[PROVIDED DATA — start]
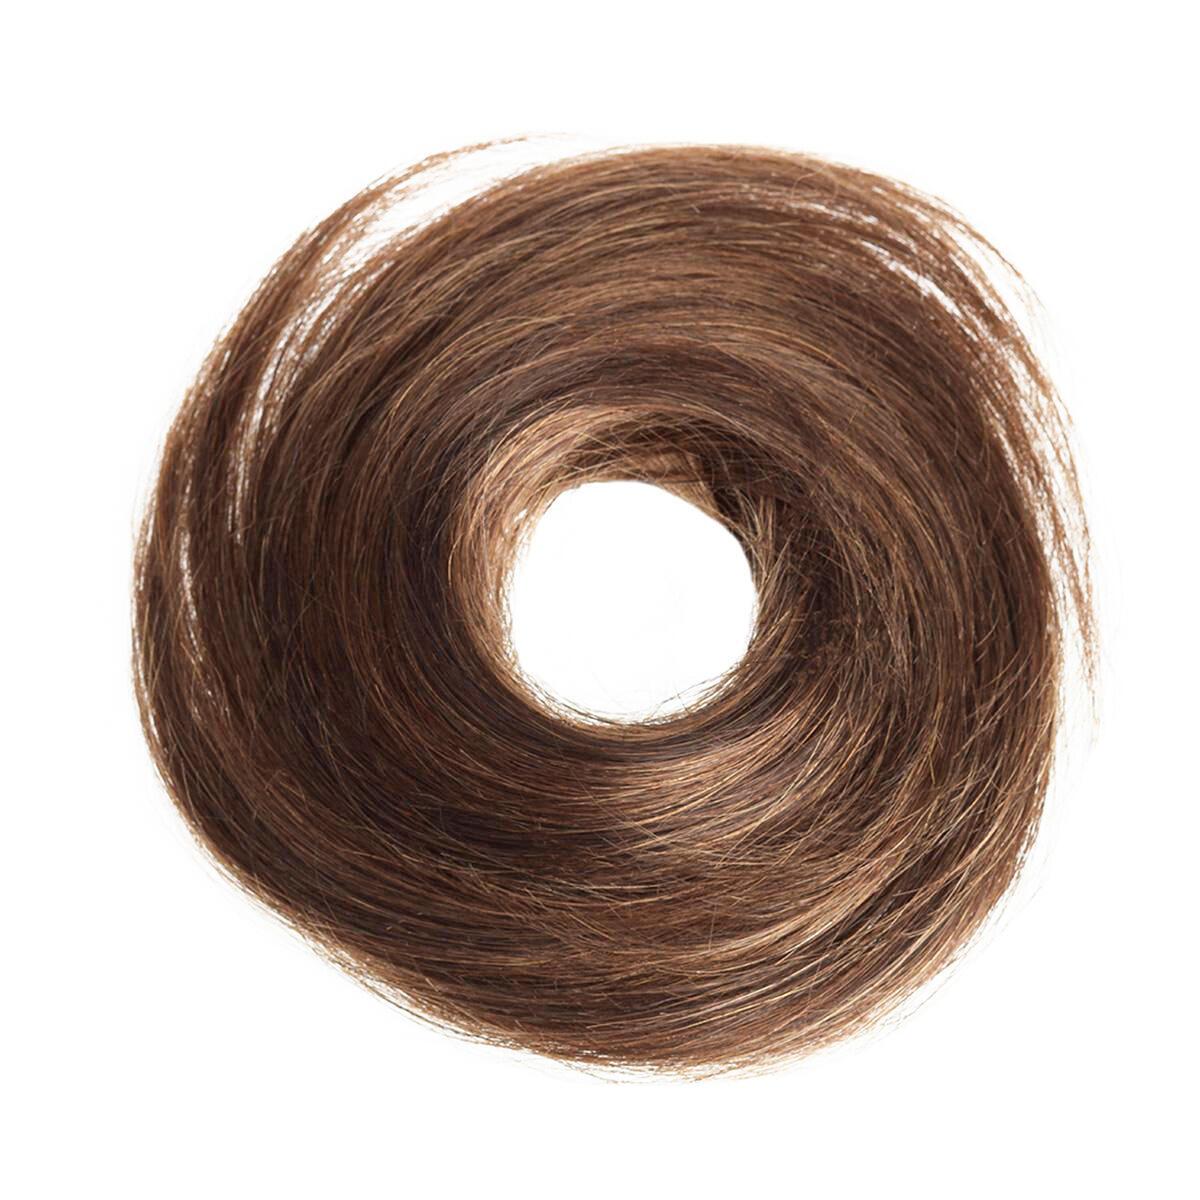 Hair Scrunchie M2.3/5.0 Chocolate Mix 0 cm
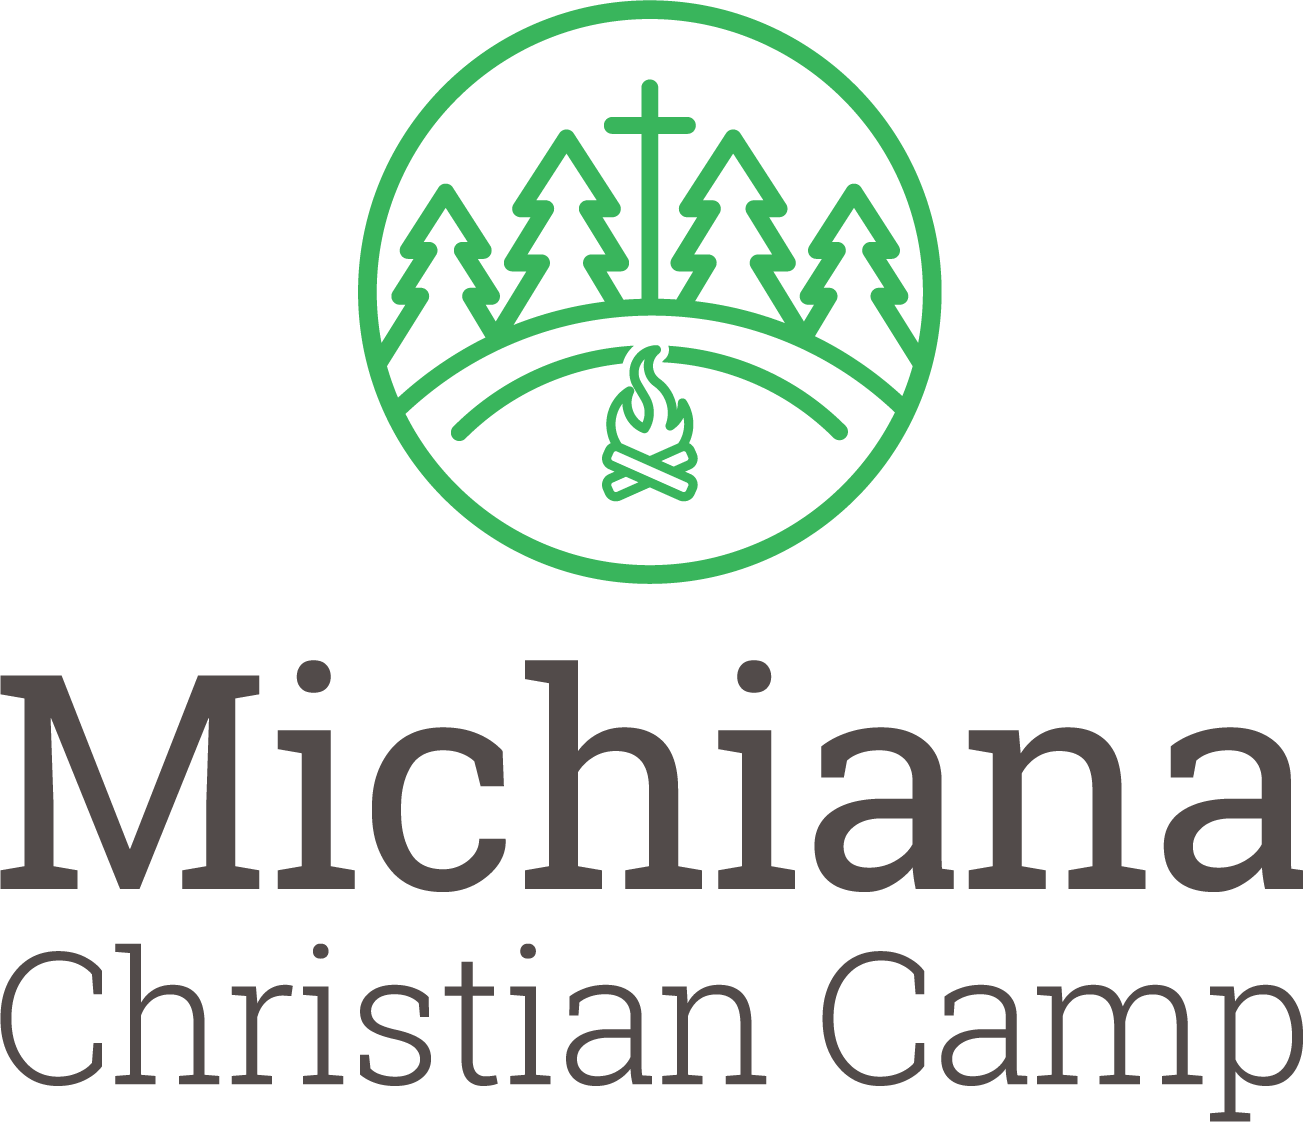 michiana-christian-camp-vertical.png
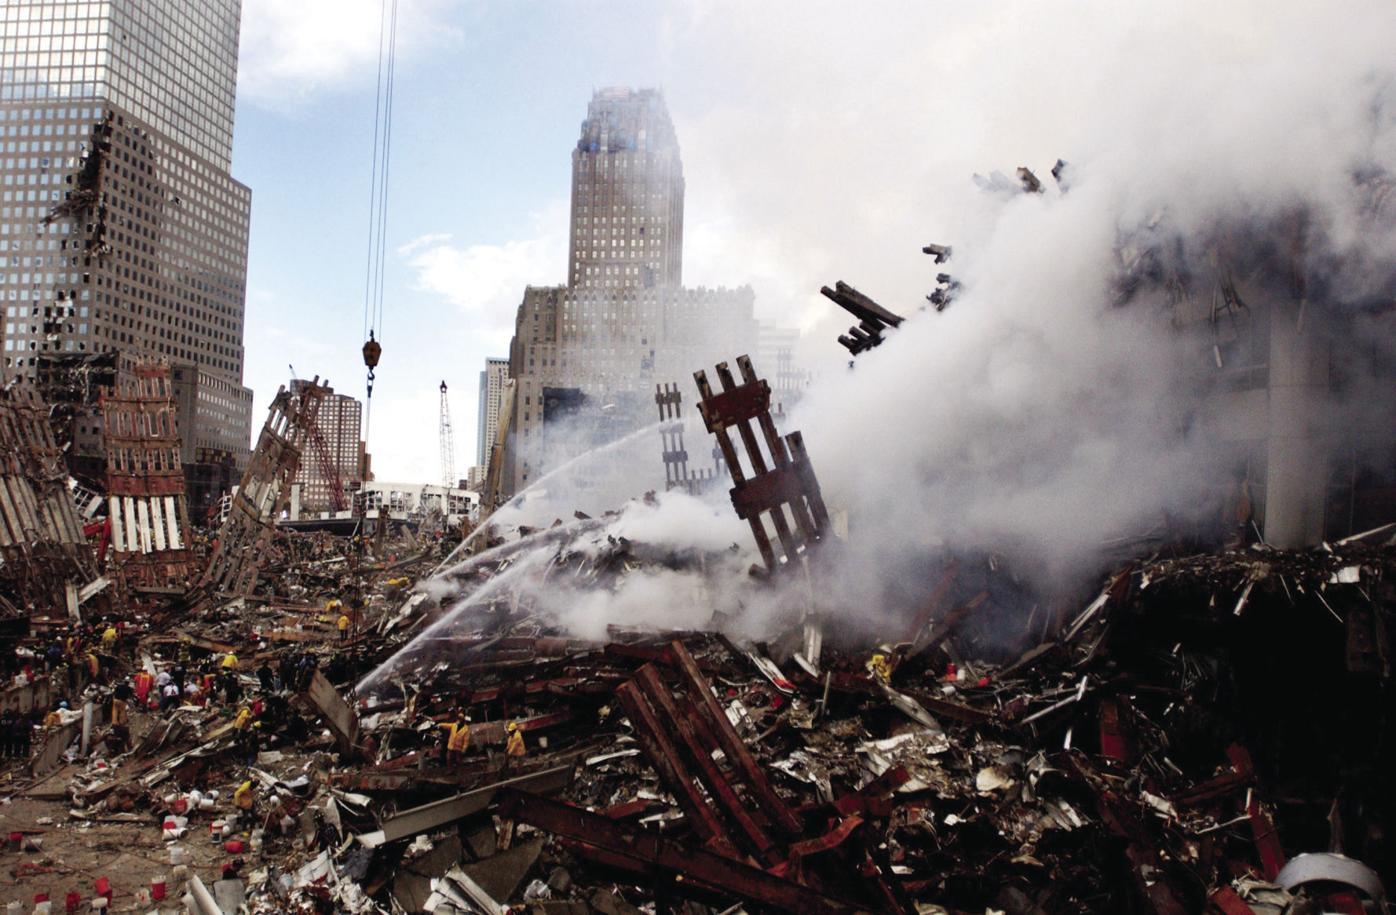 REMEMBERING A TRAGIC DAY IN AMERICA
[PROVIDED DATA — finish]
(WHAT THE TASK REQUIRES): In the data, the line that contains "michiana-christian-camp-vertical.png" begins the part to write out; restate it and each line after it word for word through the end, with no pictures.

(RESPONSE AREA):
 michiana-christian-camp-vertical.png
 REMEMBERING A TRAGIC DAY IN AMERICA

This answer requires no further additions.